● **Work required**: The listing below must be repeated word for word, with its images excluded.

● **Supplied data**:
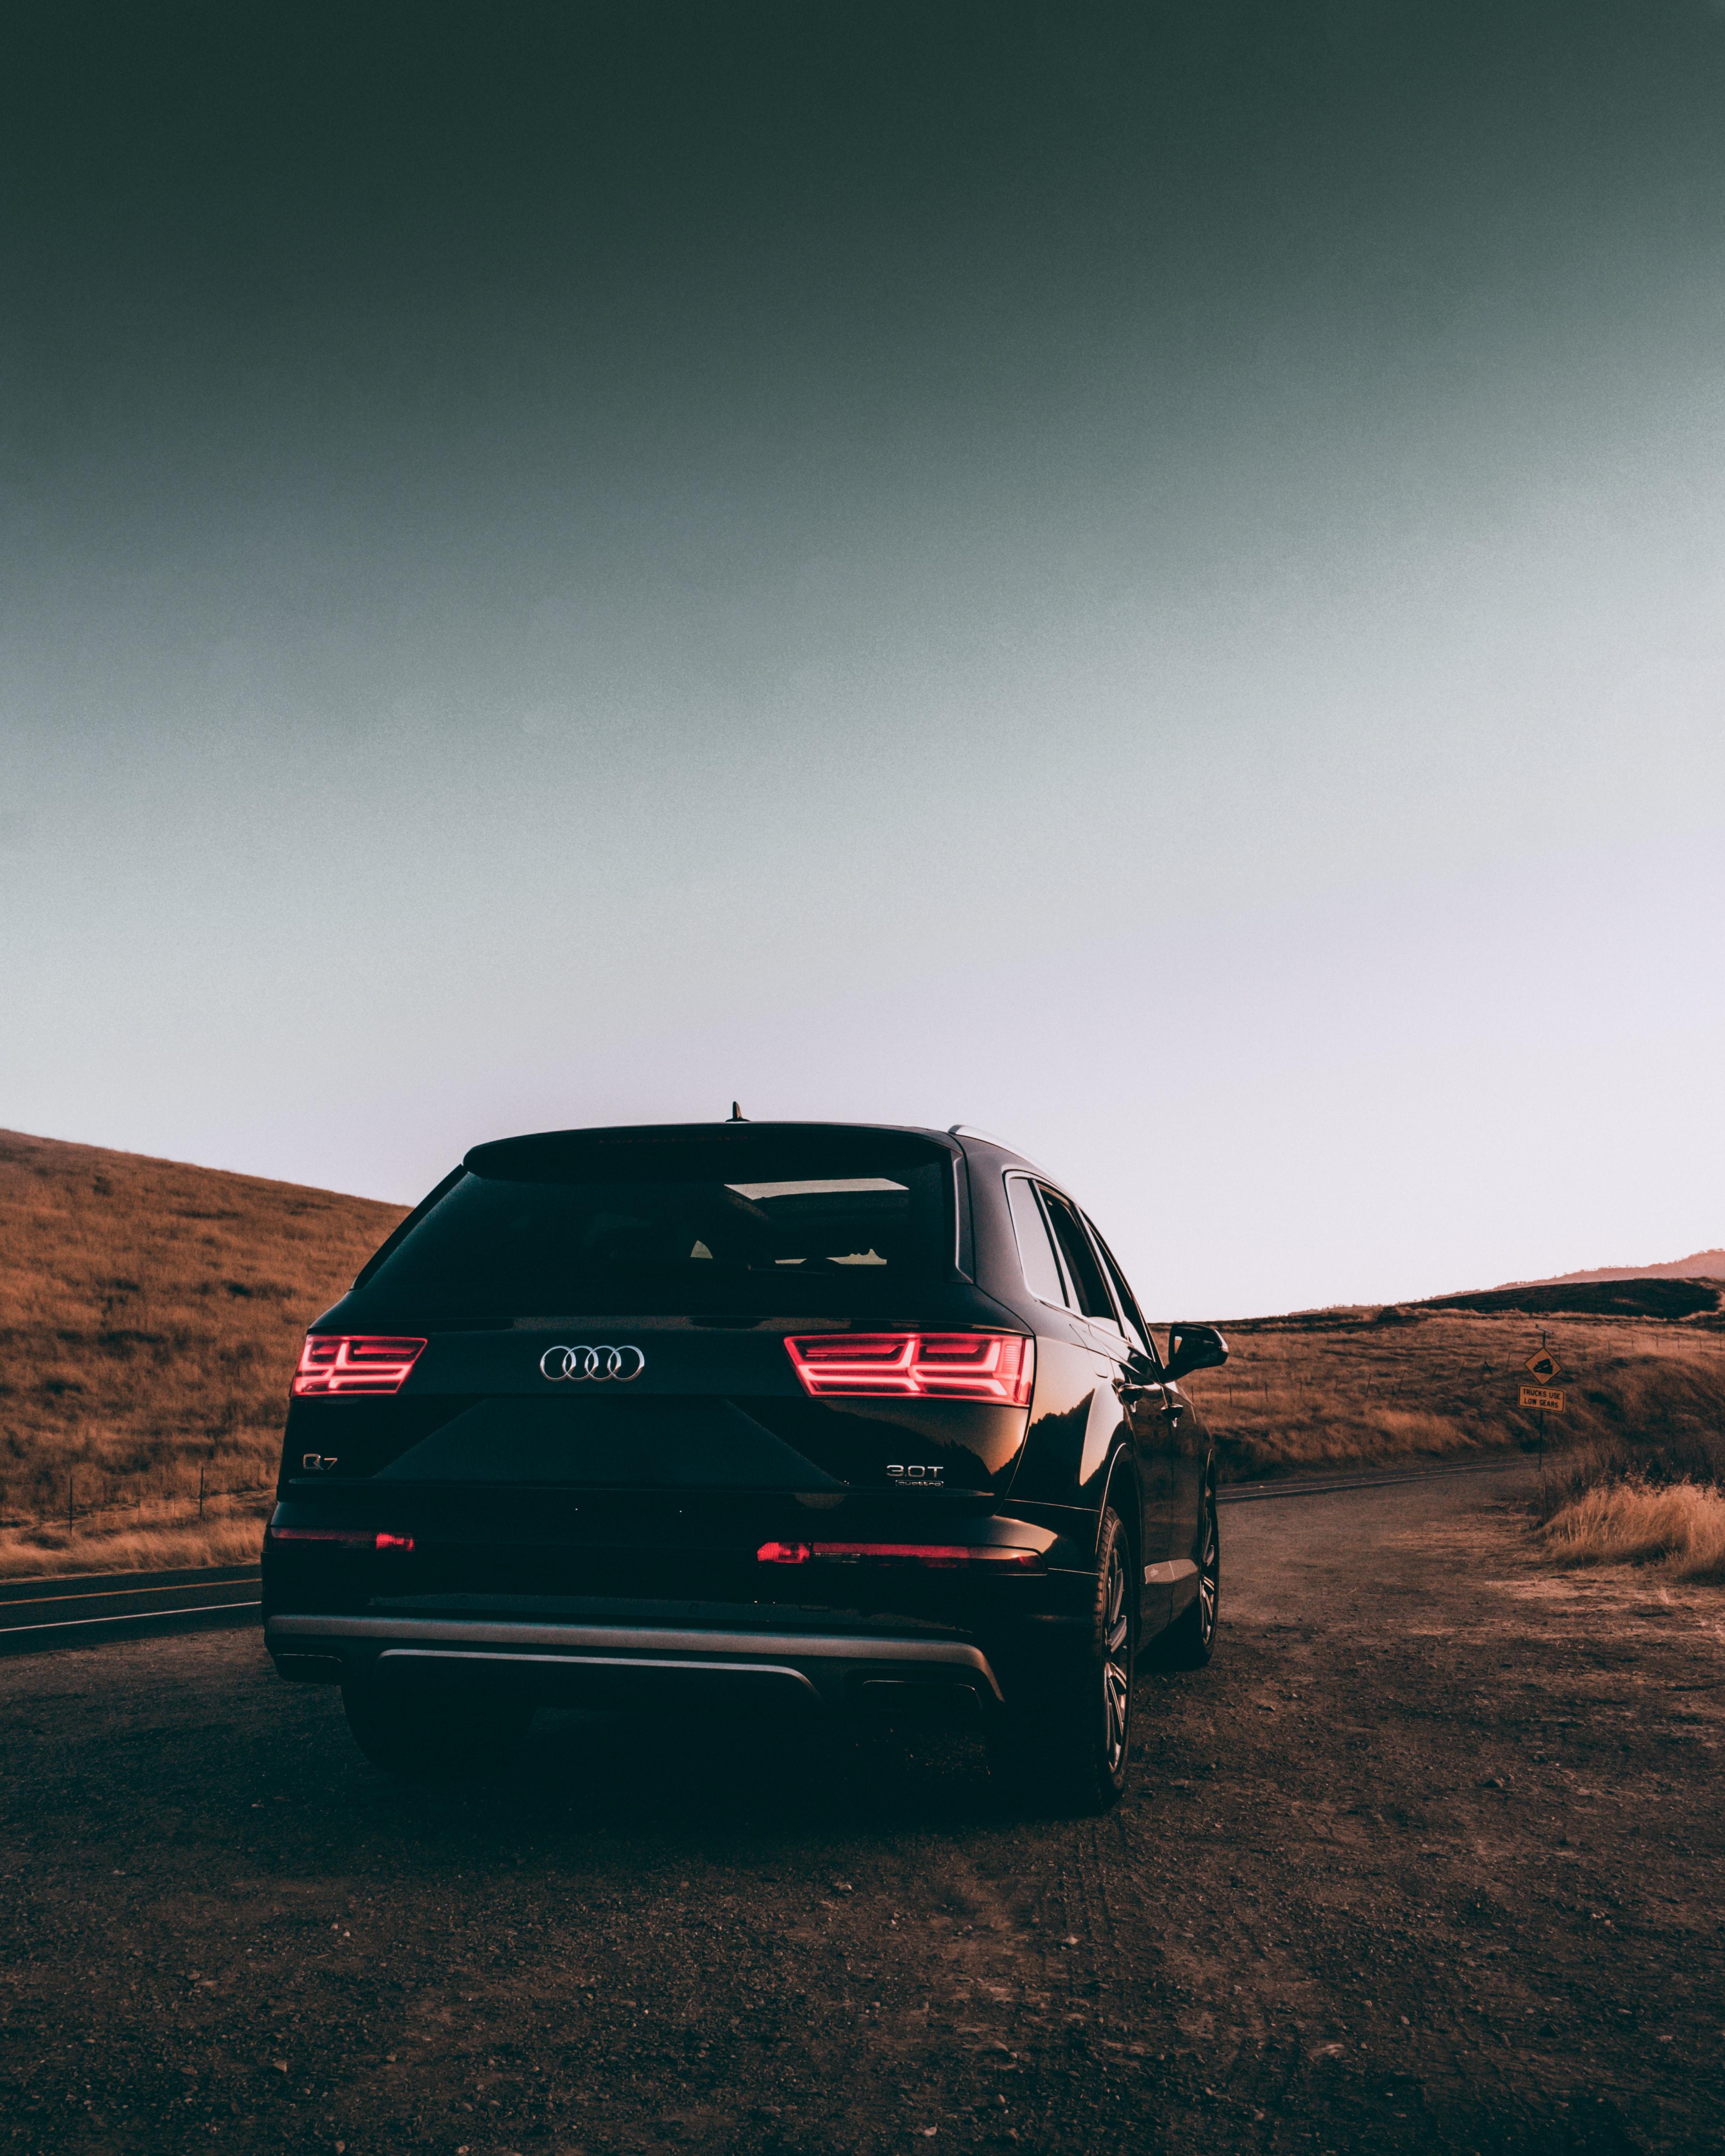 143298 скачать обои Тачки (Cars), Audi Q7, Ауди (Audi), Автомобиль, Внедорожник, Черный, Дорога - заставки и картинки бесплатно
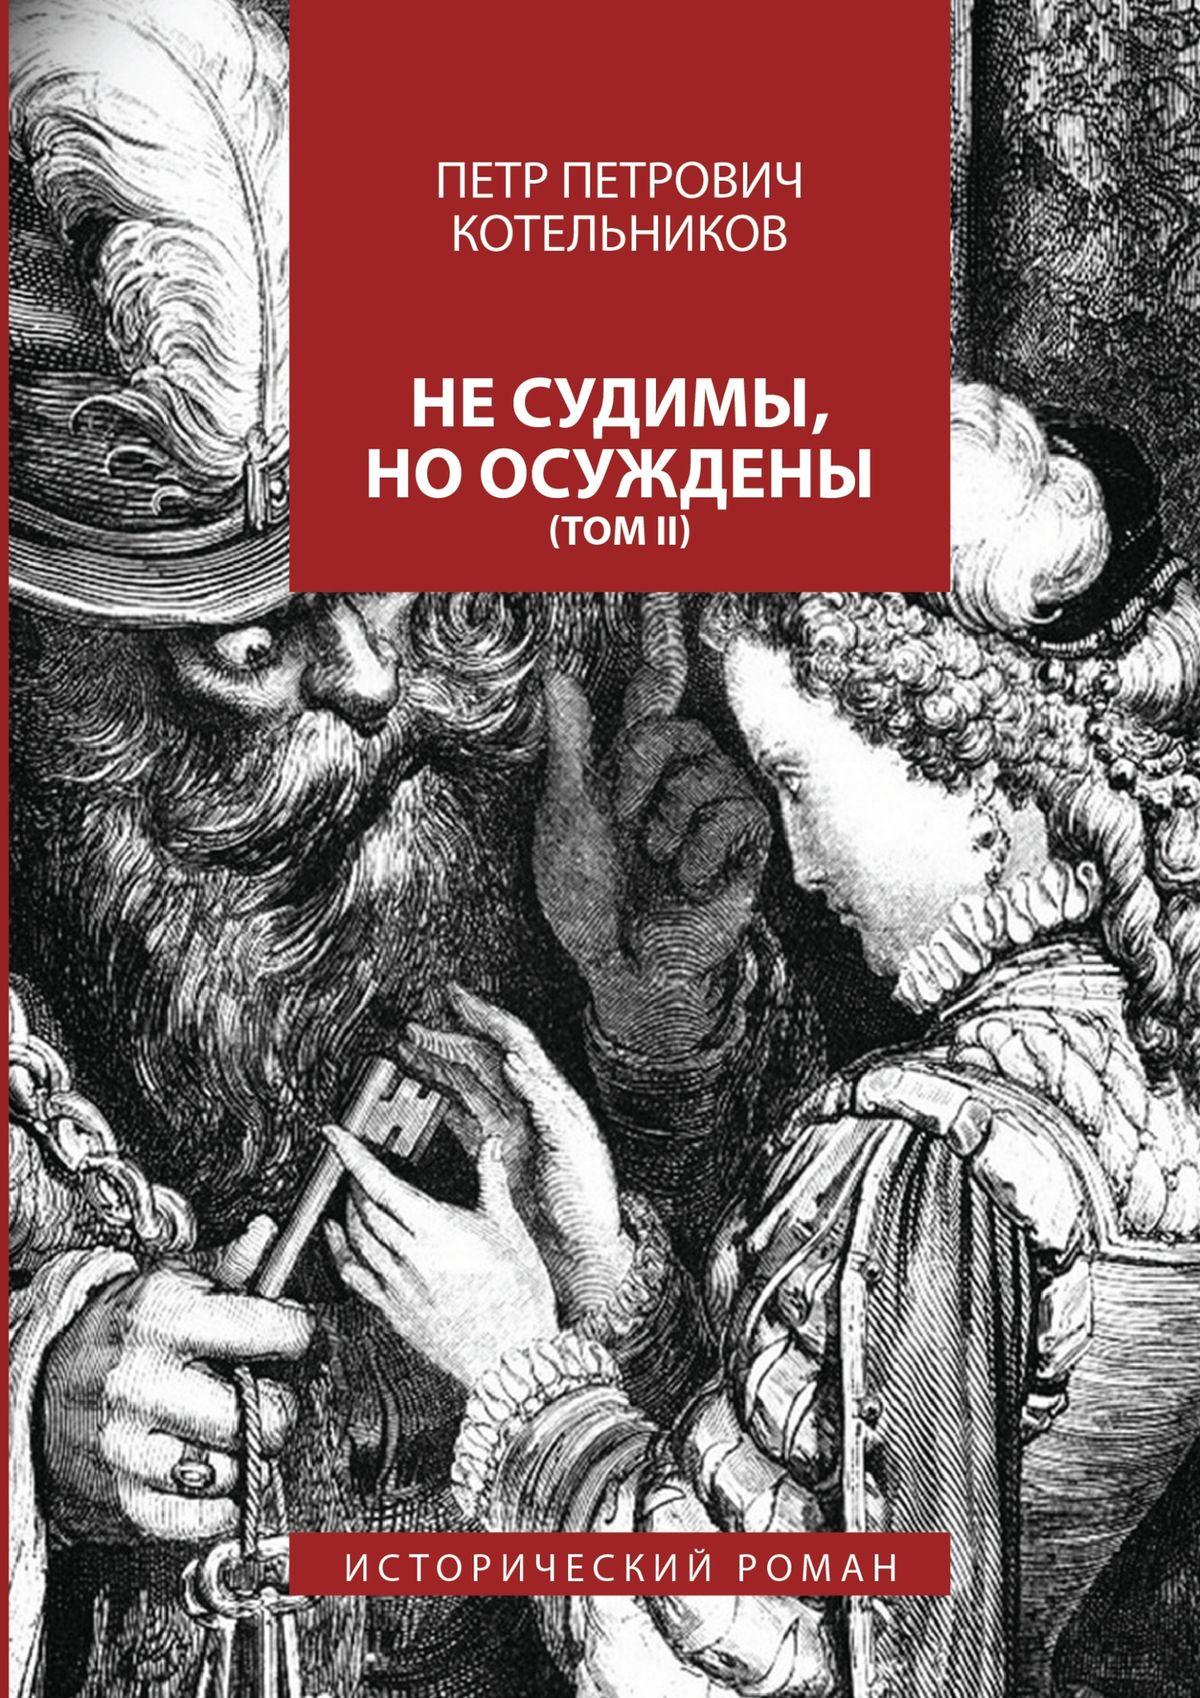 Петр Петрович Котельников Несудимы, ноосуждены. ТомII ронэ татьяна де русские чернила роман
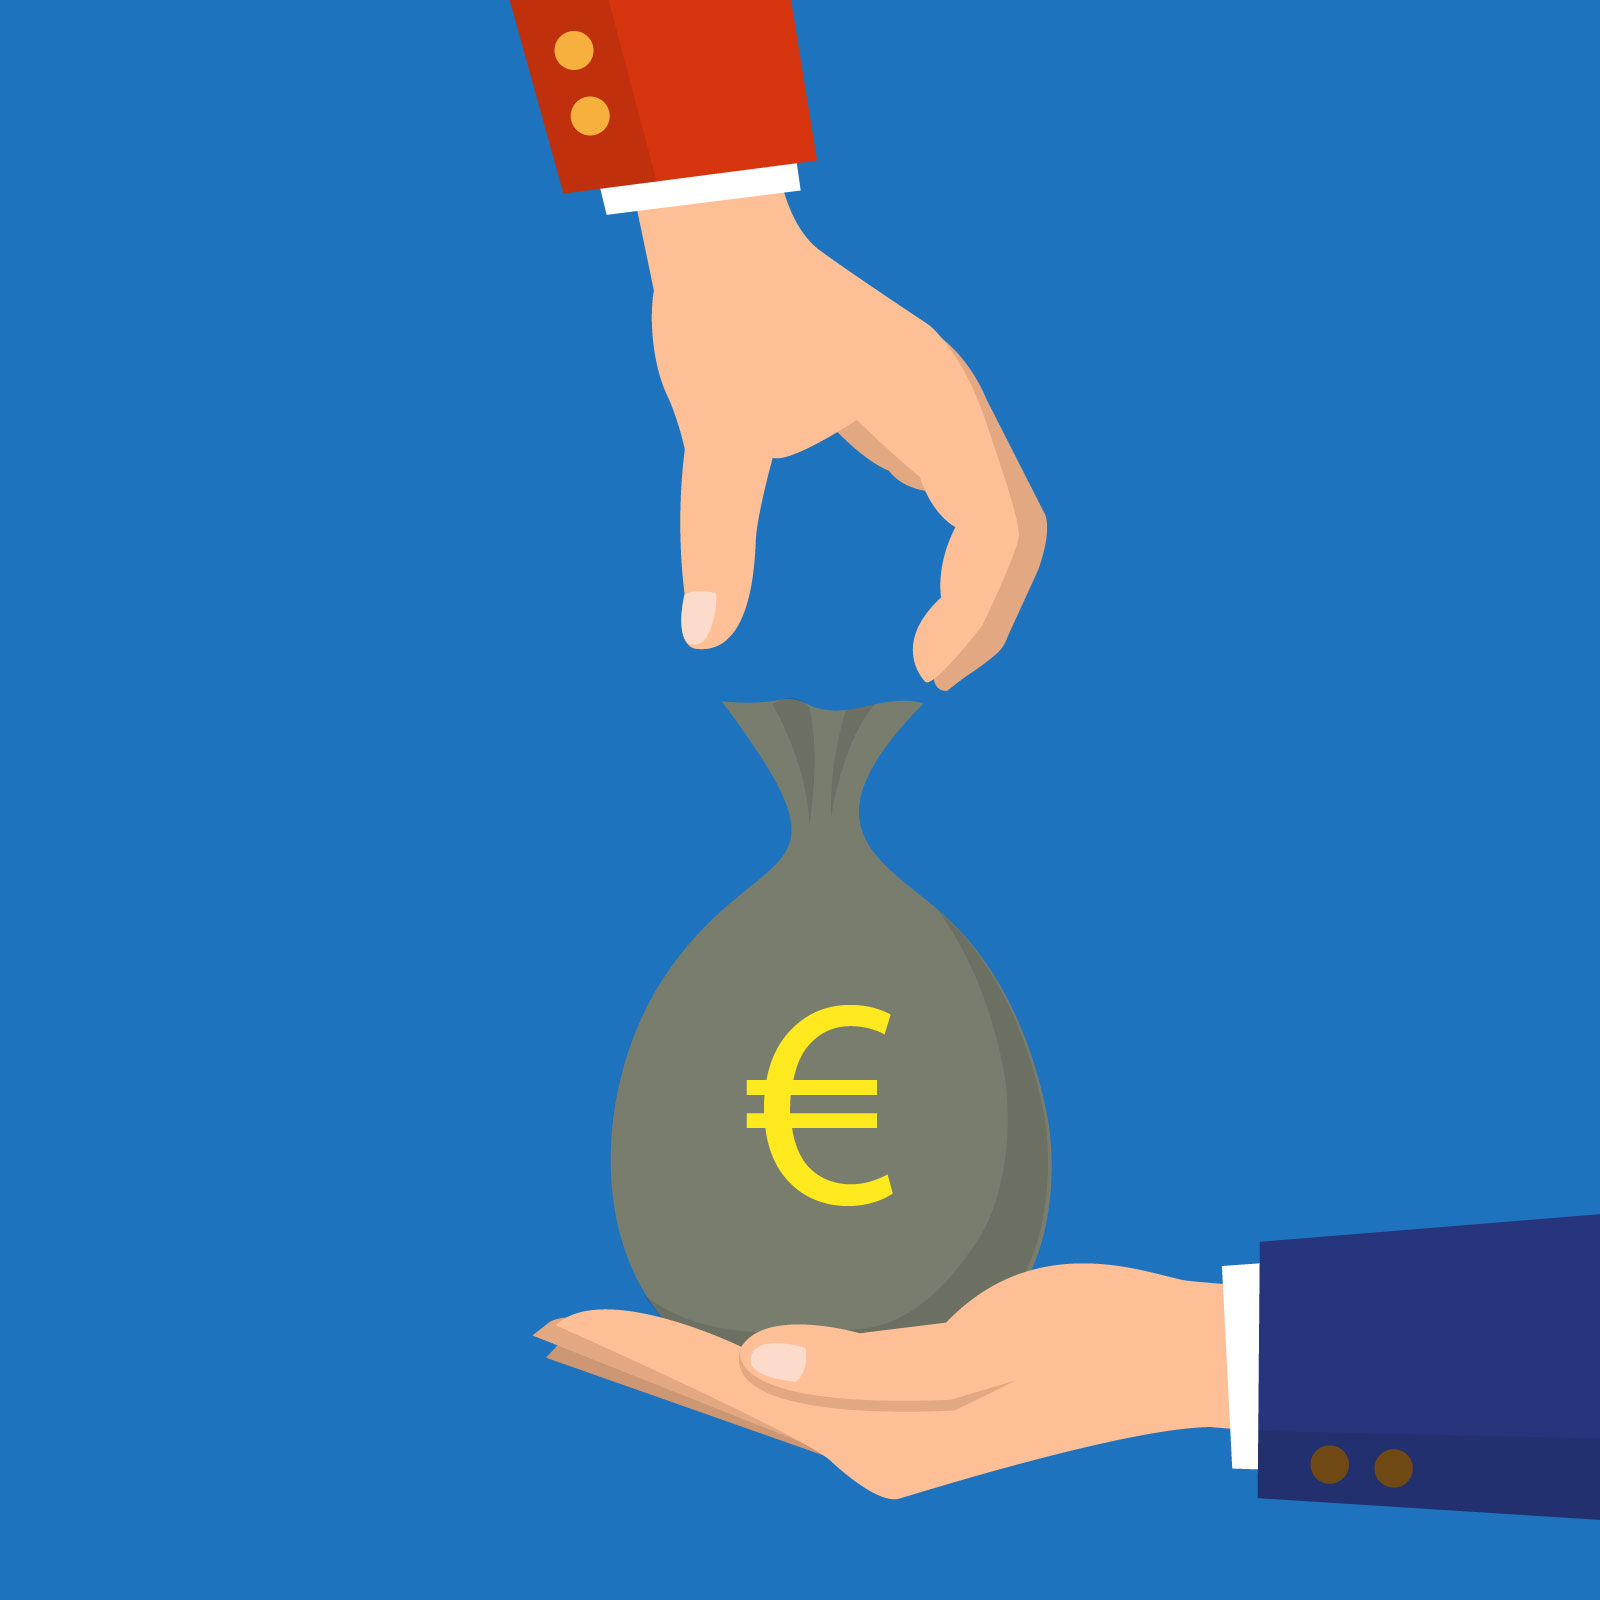 Un entrepreneur doit-il faire de l'oseille (argent) ou garder un sens moral et éthique ?

● **Exercise solution**:
 143298 скачать обои Тачки (Cars), Audi Q7, Ауди (Audi), Автомобиль, Внедорожник, Черный, Дорога - заставки и картинки бесплатно
 Петр Петрович Котельников Несудимы, ноосуждены. ТомII ронэ татьяна де русские чернила роман
 Un entrepreneur doit-il faire de l'oseille (argent) ou garder un sens moral et éthique ?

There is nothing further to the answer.